По сложенной чародеем кучке поползли невесть откуда взявшиеся струйки желтоватого гноя. Запах для обычного человека, наверное, показался бы совершенно нестерпимым, однако за телодвижениями трёхглазого мага северяне наблюдали с нескрываемым интересом, но и только. Жёл-тые струйки текли не вниз, а вверх, быстро подбираясь к Камню. Вот они достигли его, и гной тотчас зашипел и запузырился, повалил пар. Камень стал таять на глазах.
– Такова же будет и победа Дракона великого, величайшего, – вдруг нараспев проговорил вожак. – Старая магия сгорит в огне Его, и грядёт…
Что именно «грядёт», предводитель северян не уточнил, Камень Магии исчез, растворившись в желтоватом гное, изошёл густым паром, Алиедора закашлялась, и…
Бежать, взорвалось в голове. Мир резко обретал краски, звуки, даже одуряющая вонь Гнили, казалось, отступает перед напором нового – кровь, ворвань, прогорклый жир, выделанные кожи, пот, всё вместе.
Перед Алиедорой стоял человек, при одном виде которого хотелось истошно завизжать и броситься наутёк. Высокий и плечистый, он носил кольчугу, стянутую широким поясом, украшенным бляхами в виде странных, уродливых, нечеловеческих черепов. Светлые спутанные волосы, мокрые от пота, падали на плечи, густые брови почти сходились на переносице. Глубоко посаженные светлые, словно северное небо летом, глаза смотрели прямо на Алиедору, и так, что душа у неё уходила в пятки.
Нет, стоявший перед ней северянин не был чудовищем, жутким уродом наподобие Метхли, но…

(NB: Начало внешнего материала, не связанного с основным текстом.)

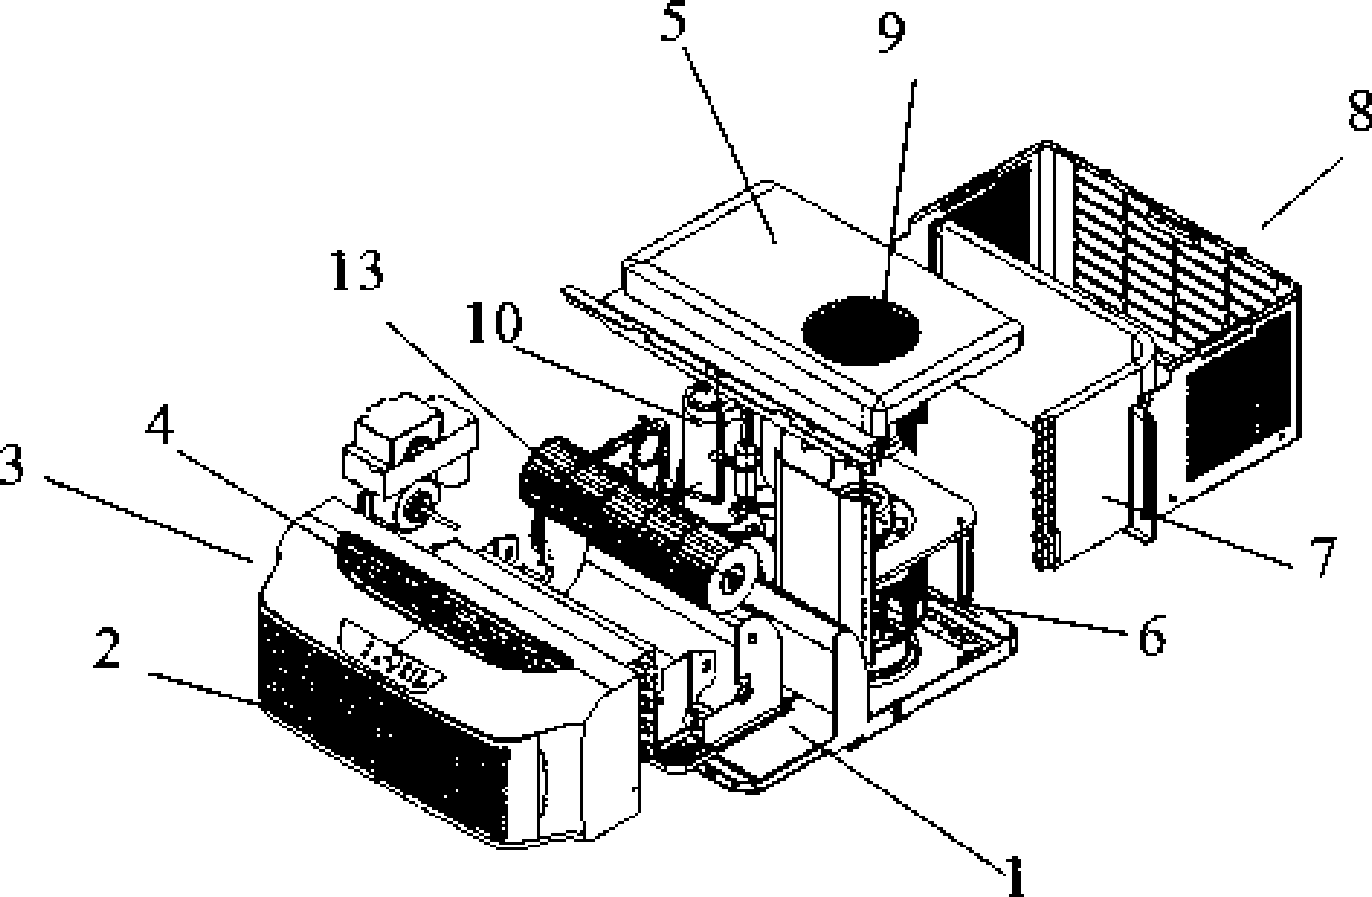 Air intake structure of window air conditioner

Он словно сам был Гнилью. Алиедора не могла ошибиться. Каждая пора молодого, сильного тела источала этот запах. И взгляд светлых глаз казался не просто беспощадным (уж в этом-то мало кто превзошёл бы старого сенора Деррано), он был совершенно иным, вне границ обычной человеческой жестокости.
– Да будет великий Дракон свидетелем моим! – Метхли было расправил плечи, однако тотчас же вновь скукожился под испытующим взором северян. – Покровы сняты. Капля Его крови явлена способному различить истину.
Вожак северян метнул короткий взгляд на Хтафра.
А Алиедора, словно лопнула наконец-то опутавшая её верёвка, и впрямь завизжала, истошно, неистово, вздымая покорно стоявшего дотоле гайто на дыбы, норовя опрокинуть варвара острыми раздвоенными копытами жеребца.
Все рассуждения об инаковости и прочем куда-то исчезли. Не осталось ничего, кроме ужаса, неодолимого и животного.
– Эй-хой! – Облитая кольчугой рука схватила храпящего вороного под уздцы, и неистовый жеребец вдруг подчинился. Алиедора, не думая, не видя, не понимая, слетела с седла, слепо бросившись наутёк, куда угодно, лишь бы подальше отсюда.